Many CPAs “now must be learning about new IRS ERC guidance, adapting to changes in PPP guidance, assisting clients with the operational challenges of applying for PPP and working in another COVID-impacted tax season,” she said.

Simpson relayed to ThinkAdvisor Wednesday in a separate email that she “recently heard from a CPA who said that lawmakers need to understand that each PPP loan has a real person and real story behind it — and I couldn’t agree more. ” This “ puts a fine point on why the PPP application deadline should be extended by at least 60 days.”

The CPA’s “words also reinforce the great need to make the recent changes in loan amounts for IRS Form Schedule C filers retroactive to create equity among self-employed PPP draw borrowers regardless of when they applied for a PPP loan,” Simpson said.

Biden’s PPP Loan Limits Boosted Female, Minority Business Owners

The Biden-Harris administration announced in mid-February that from Feb. 24 to March 9 only businesses with fewer than 20 employees could apply for a PPP loan.

President Joe Biden said that the PPP application restrictions, which lasted for 14 days, were intended to aid the smallest businesses and “those that have been left behind in previous relief efforts.”

Ninety-eight percent of small businesses have fewer than 20 employees.
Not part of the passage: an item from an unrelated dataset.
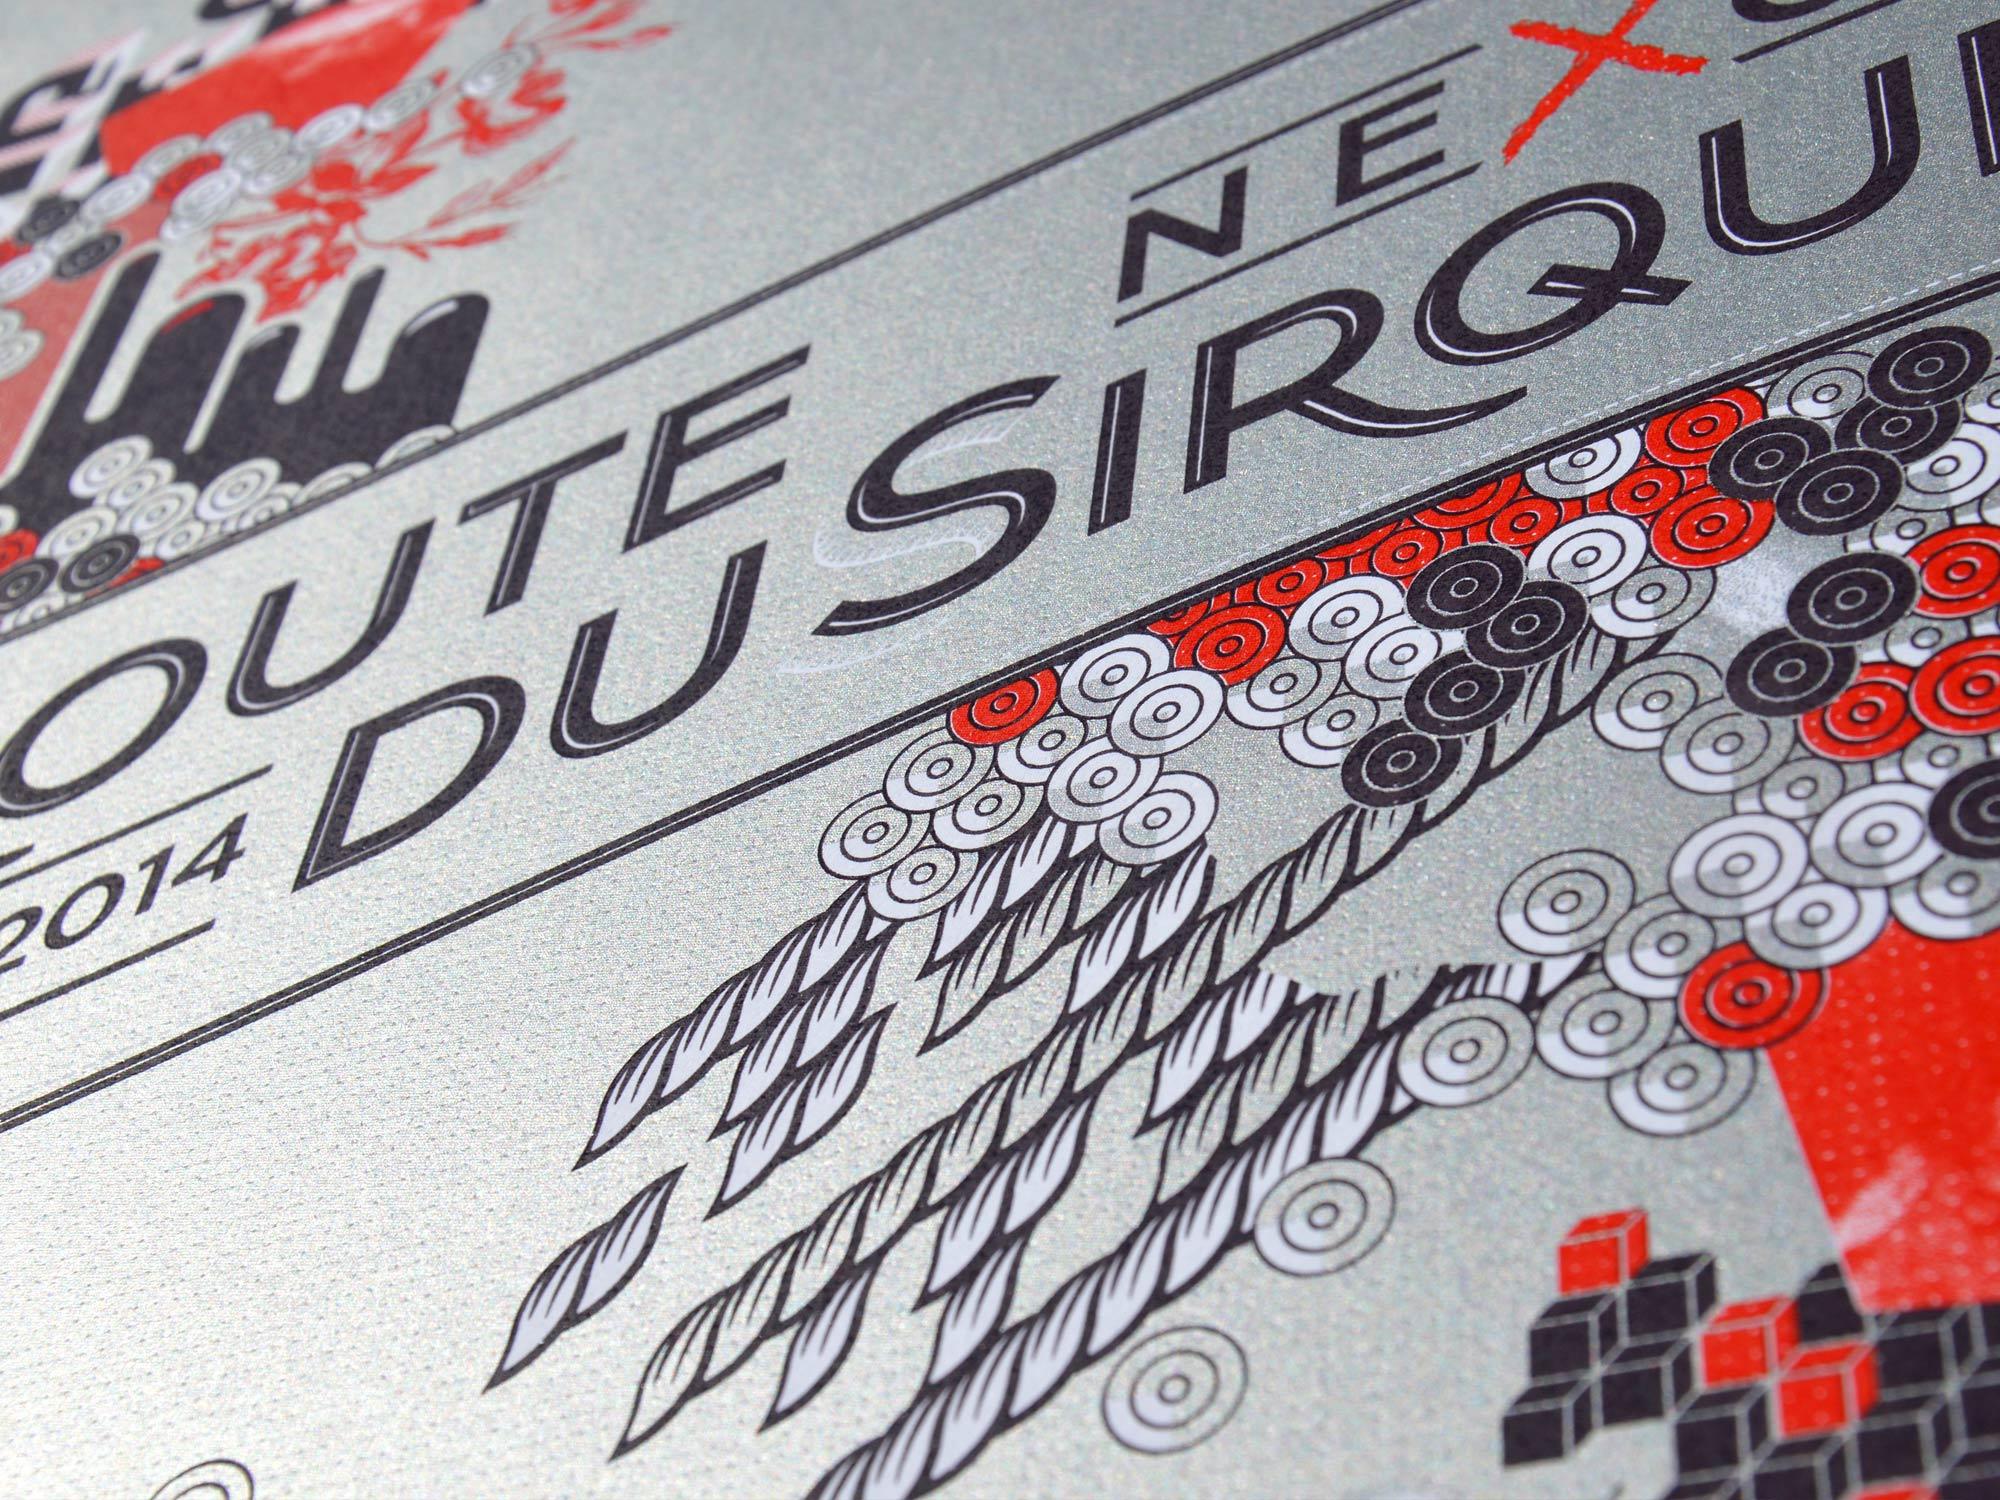 http://a-aa.fr/projet/affiche-collector-route-du-sirque-2014/

The SBA reported that as of March 7, a comparison of the daily average rate of loans made during the exclusivity period and daily average rate 10 days before the exclusivity period show loans to:

  • Minority-owned businesses up by 20%, or an additional 1,000 businesses accessing relief each day;
  • Women-owned businesses up by 14%, or an additional 600 businesses accessing relief each day;
  • Small businesses in rural areas up by 12%, an additional 1,000 businesses accessing relief each day.

“In total, more than 400,000 small businesses and nonprofits with fewer than 20 employees were serviced during the exclusivity period as of March 7,” the SBA reported. “Compared to the ten days preceding the exclusivity period, the reforms show that nearly 200,000 are first-time PPP borrowers — a 25% increase in daily approvals.”